As the agency’s leading disguise specialists, the Mendezes spent decades creating false identities for American spies. Since retiring from the CIA in the early 1990s, however, the two have worked to unmask their longtime profession — putting a human face on America’s spies while providing a rare public look into the opaque world of intelligence.

Tony and I try to demonstrate that the [intelligence community] is full of people just like you,” Mrs. Mendez said. “People who make mistakes, sure, but also do a good job. People who go to work every morning and try to keep their country safe.”

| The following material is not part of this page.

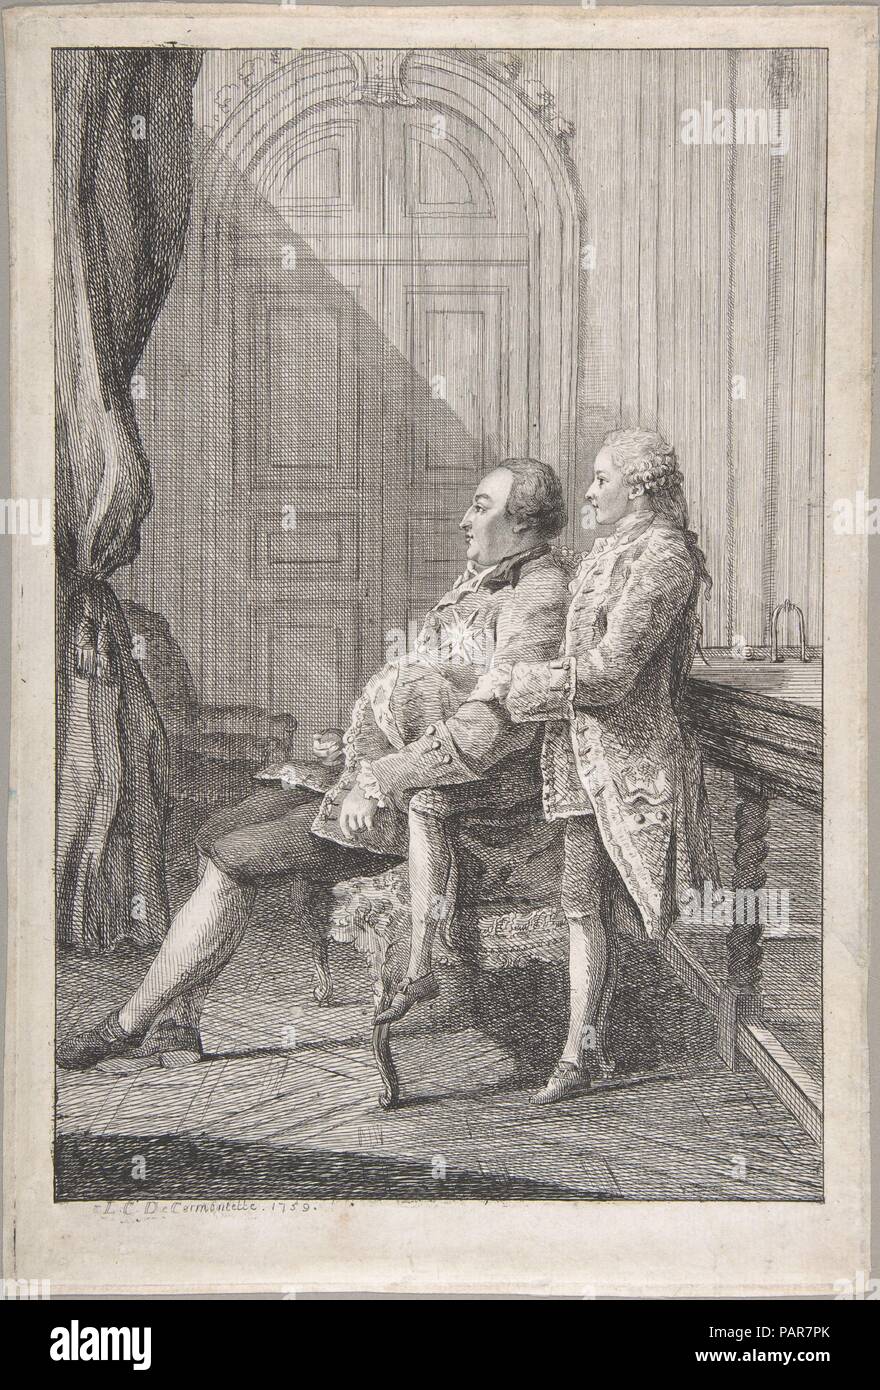 Portrait of Louis-Philippe, Duc d'Orleans and His Son Louis-Phillipe Joseph, Duc de Chartres. Artist: Louis de Carmontelle (French, Paris 1717-1806 Paris). Dimensions: Sheet: 11 11/16 × 7 7/8 in. (29.7 × 20 cm)  Plate: 11 5/8 x 7 3/4in. (29.5 x 19.7cm). Date: 1759.  Born into the lower classes, Carmontelle served as aide-de-camp and topographer to the Orléans regiment during the Seven Years War, when his caricatures gained him considerable popularity.  After the war he was employed by the Orléans household in various capacities, including reader to the young duc de Chartres.  Carmontelle is be Stock Photo

After long careers carrying out America’s most secretive business, Tony and Joanna Mendez have embraced new roles in the public eye with relish: They have authored two books about their lives, participated in a number of documentaries, worked as technical advisers for a spy-themed television drama, hosted dozens of public talks and events, served as founding board members of the Spy Museum and even taught a community college course on espionage. Next year, Ben Affleck will direct and star as Mr. Mendez in “Argo,” a George Clooney-produced film based on the daring, top-secret 1980 CIA rescue of American diplomats in Iran.

For the Mendezes, this is the new normal, an unexpected second act.

The masters of disguise

The situation was grave. November, 1979: Following the Iranian revolution, Islamist militants seized control of the U.S. Embassy in Tehran and took dozens of American hostages.